On the way back to the hotel it occurred to me that I had just paid for 9 pizzas and only had 7. Moreover, I lamented that I had to tip $30 to get pushed up in the queue. It also began to sink in that 7 pizzas are not enough for 13 teenagers, let alone 30. And so, I became angry, frustrated, tired, and crabby. It was at that moment that a homeless woman on the street asked if I could spare a slice. My first thought was yes. However my second and third thoughts were you don’t have enough, keep walking. By the time I reached the end of the block it occurred to me that I missed an opportunity. As the guilt sank in, I began to realize that I had bought into the lie that I didn’t have enough. I was so consumed by the mission I was on that I missed the ministry moment right in front of me. Because I was tired, cranky and frustrated, a woman who could have eaten made her bed on a street bench hungry.

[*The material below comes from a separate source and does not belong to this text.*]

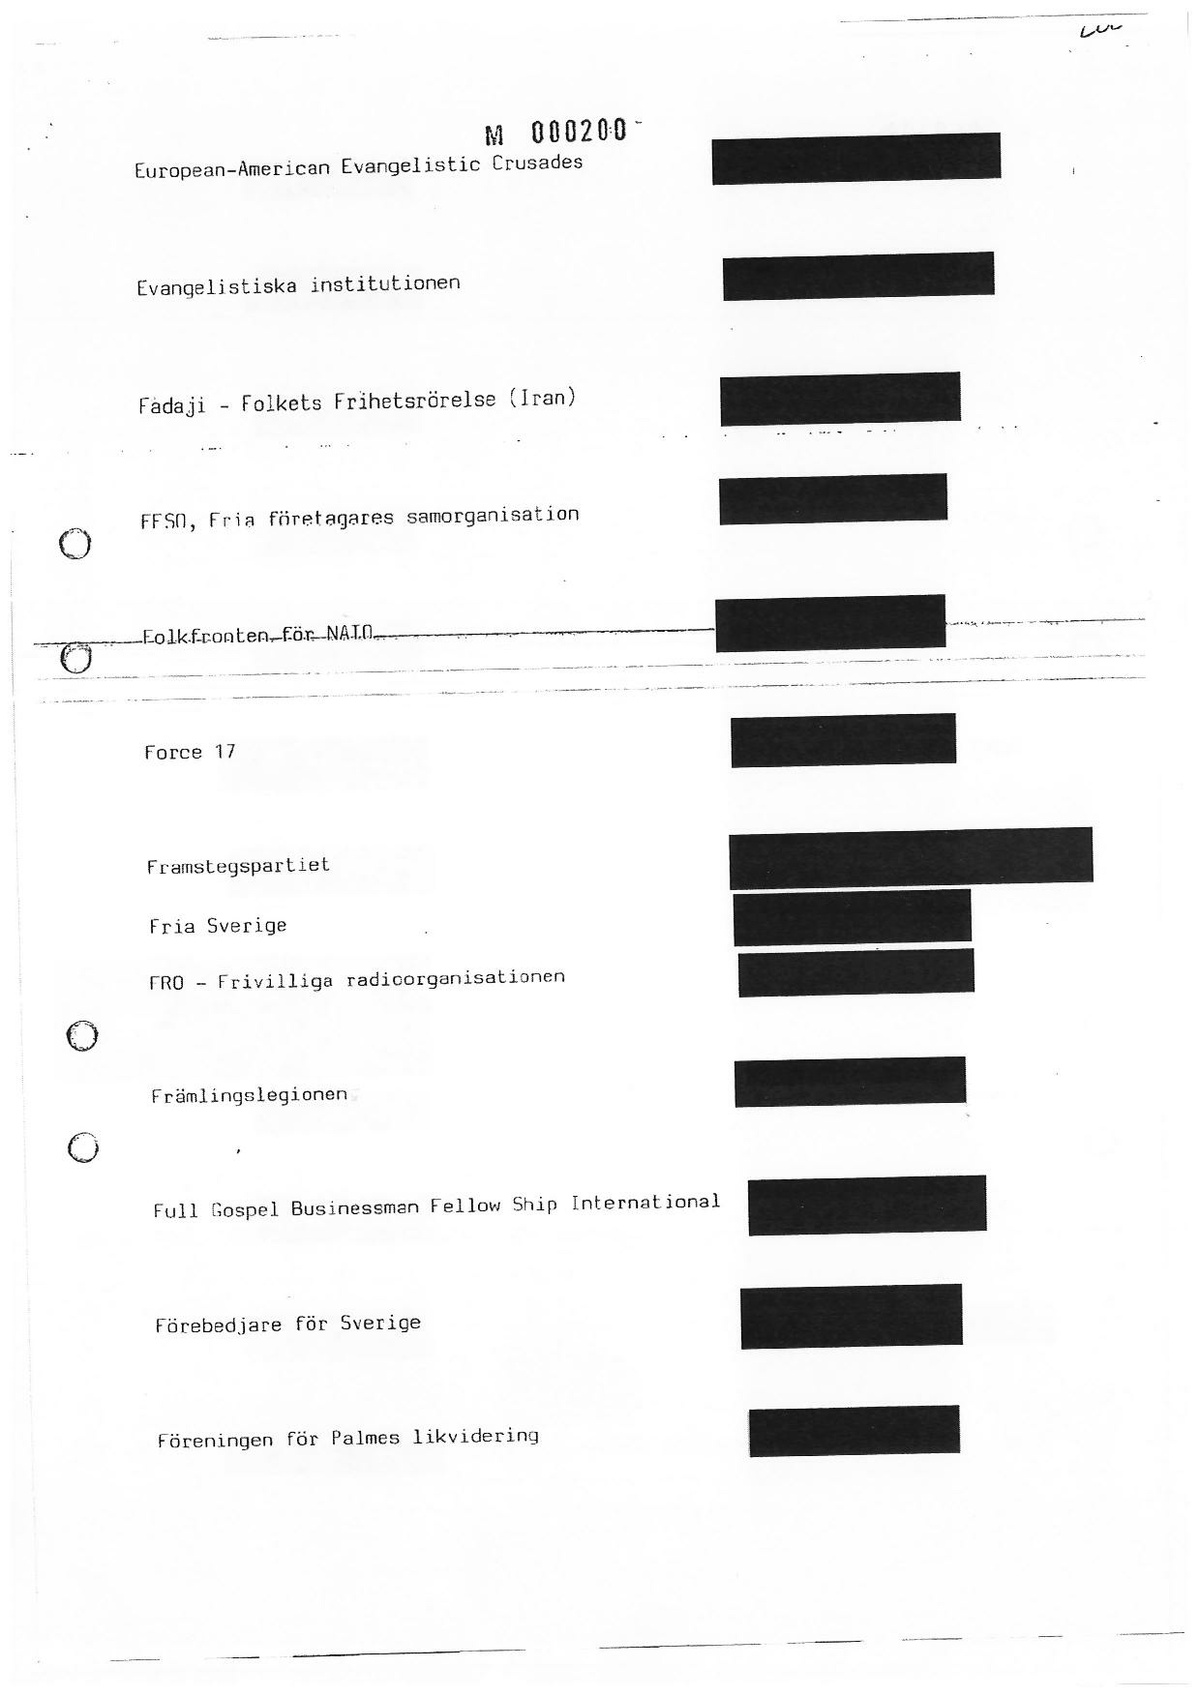 Pol-1987-10-14 H7132-00 Sammanställning-organisationer.pdf

What killed me about this encounter was that earlier that night a speaker at the gathering spoke on how the fact that we have hungry people in this world is a choice (not one hungry people make, one we all make). It is not the result of scarcity or a food shortage. It comes down to access and waste. Her point was that there is more than enough; we just don’t share. And here I was living proof that she was right.

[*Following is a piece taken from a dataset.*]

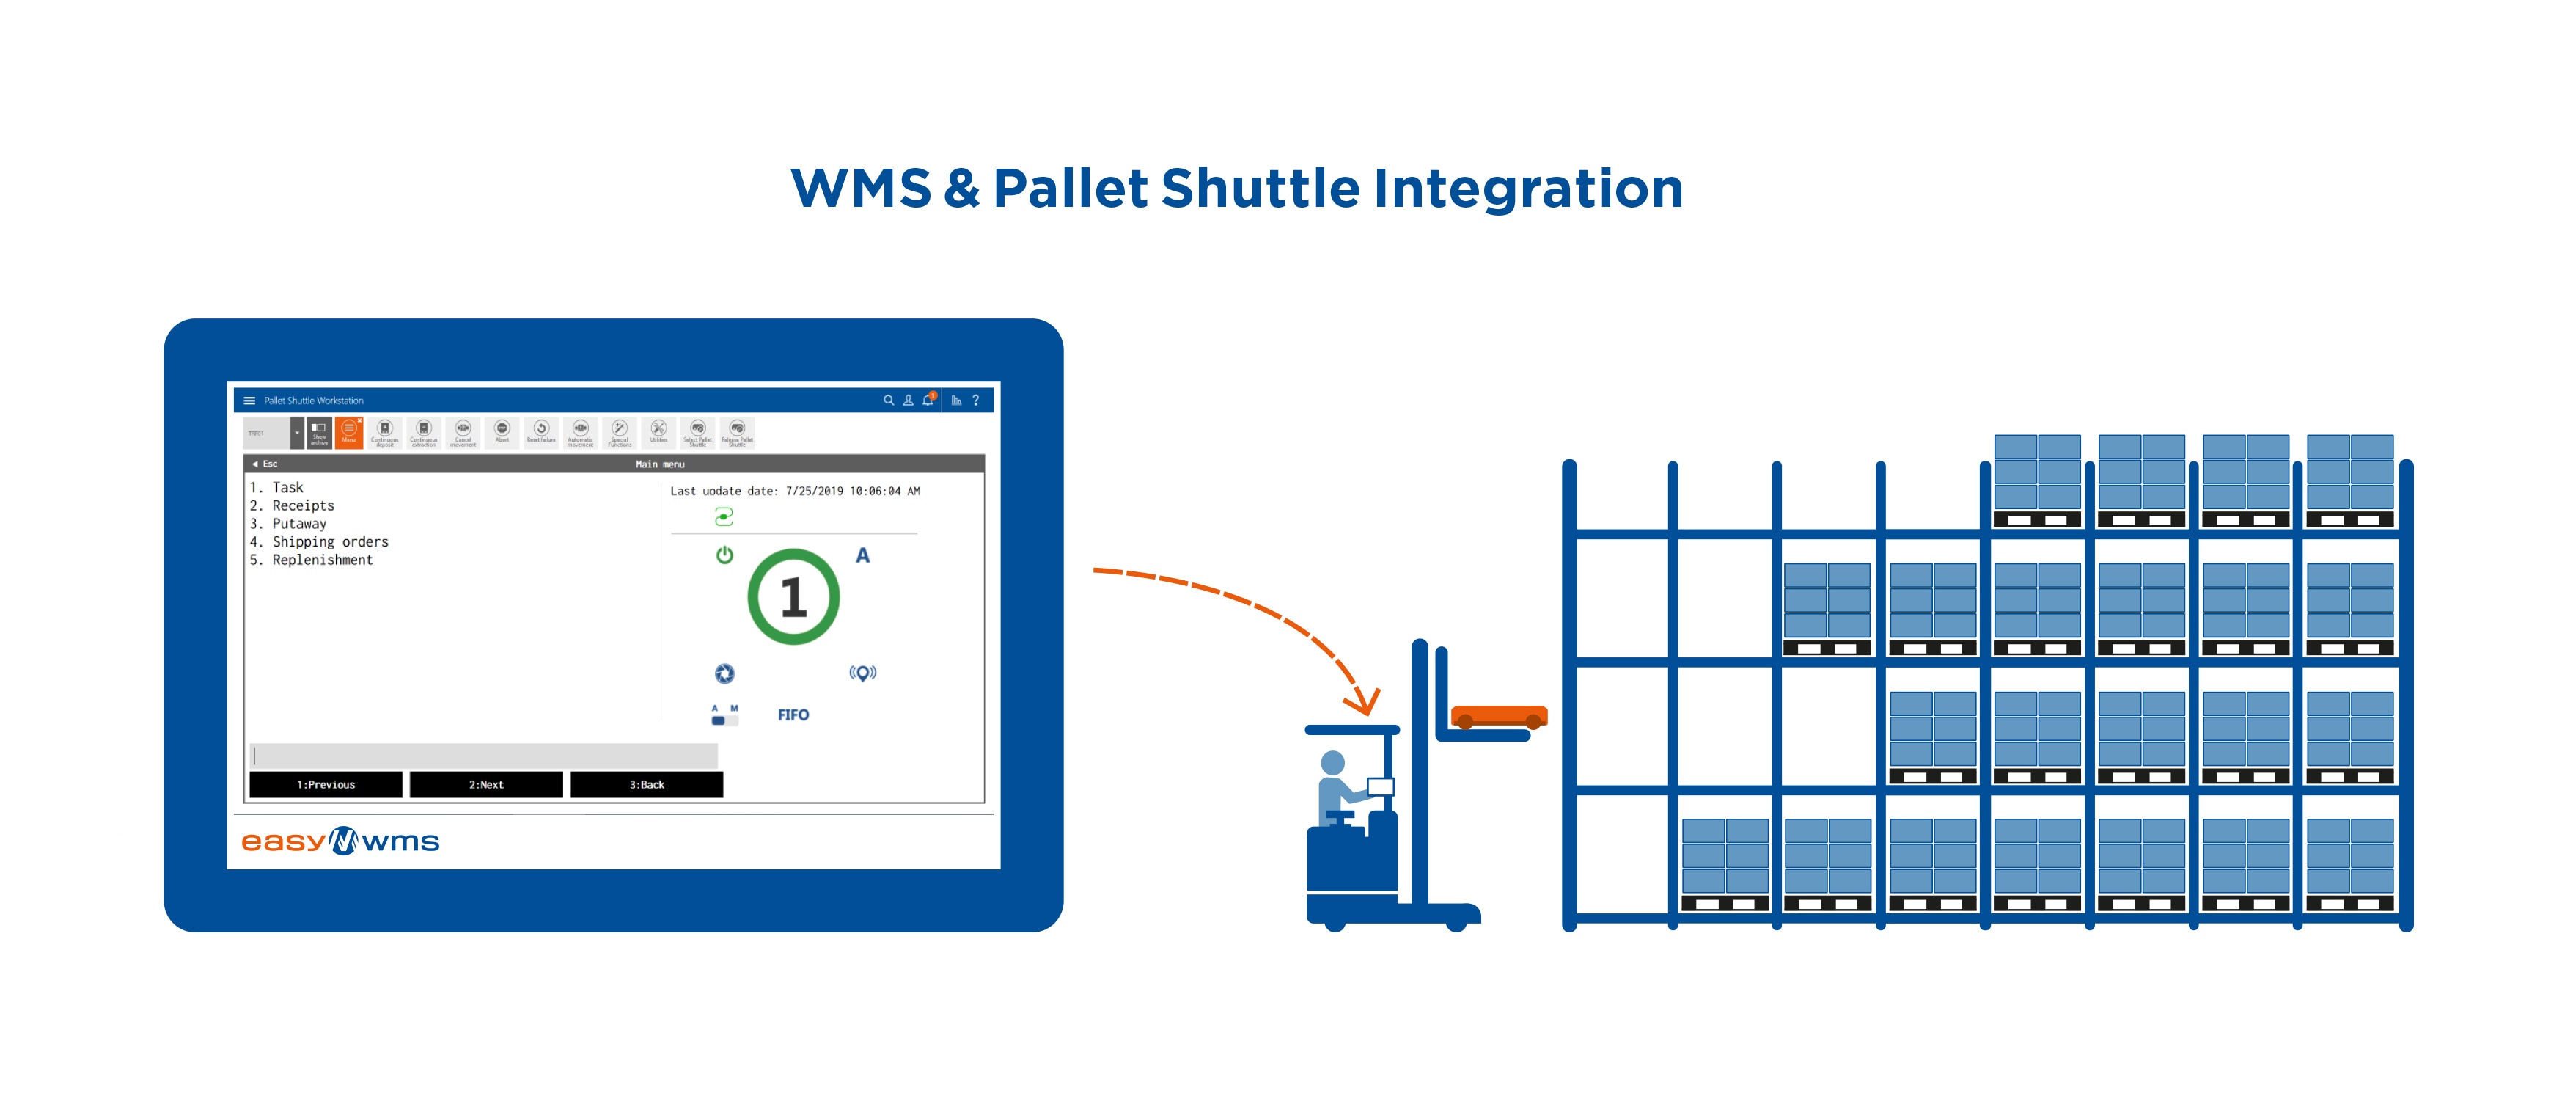 WMS & Pallet Shuttle Integration

When I delivered the pizza to the kids I told them the story of the hungry woman I failed to help and I told them this: faith is hard and living faithfully is difficult. Not only are we up against the forces of sin, death and the devil, but also there are much quieter influences that derail our best intentions. We believe silly little lies about not having enough. We get so caught up in our mission that we sometimes fail to minister. Tunnel vision keeps us from seeing the big picture. Tribalism keeps us from seeing each other. It isn’t always the hardest days of our life that quell our faith (in fact, that might be when we’re at our best). Often times it is the ordinary days, ordinary moments, ordinary times that stifle our faithfulness.

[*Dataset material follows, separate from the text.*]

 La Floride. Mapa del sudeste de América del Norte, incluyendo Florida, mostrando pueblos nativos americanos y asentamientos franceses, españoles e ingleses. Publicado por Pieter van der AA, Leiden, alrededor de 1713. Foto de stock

In the gospel of Luke Jesus himself realizes how tricky ministry in the midst of the ordinary is. Jesus is in his hometown and he’s preaching and teaching. The folks in the room take offense at this unfamiliar message coming from such a familiar face. And he is essentially run out of town. This resistance becomes for Christ a teaching point for his disciples. After this encounter Jesus sends them out into the world with a commission and a command, but also a word of warning. Jesus instructs them that they will run into resistance. Ministry in the midst of the ordinary will be challenging and there will be times of rejection and hardship.
The Spirit of the Lord is upon you today. God is speaking to you. God is exhorting you to a life of faithfulness, sacrifice and service. Today might be a good day, it might be a bad day, or it might be an ordinary day. No matter what happened yesterday, because of God’s grace, love, hope, and promise, on this day you have the opportunity to be light and love in a broken world. So, go buy someone pizza.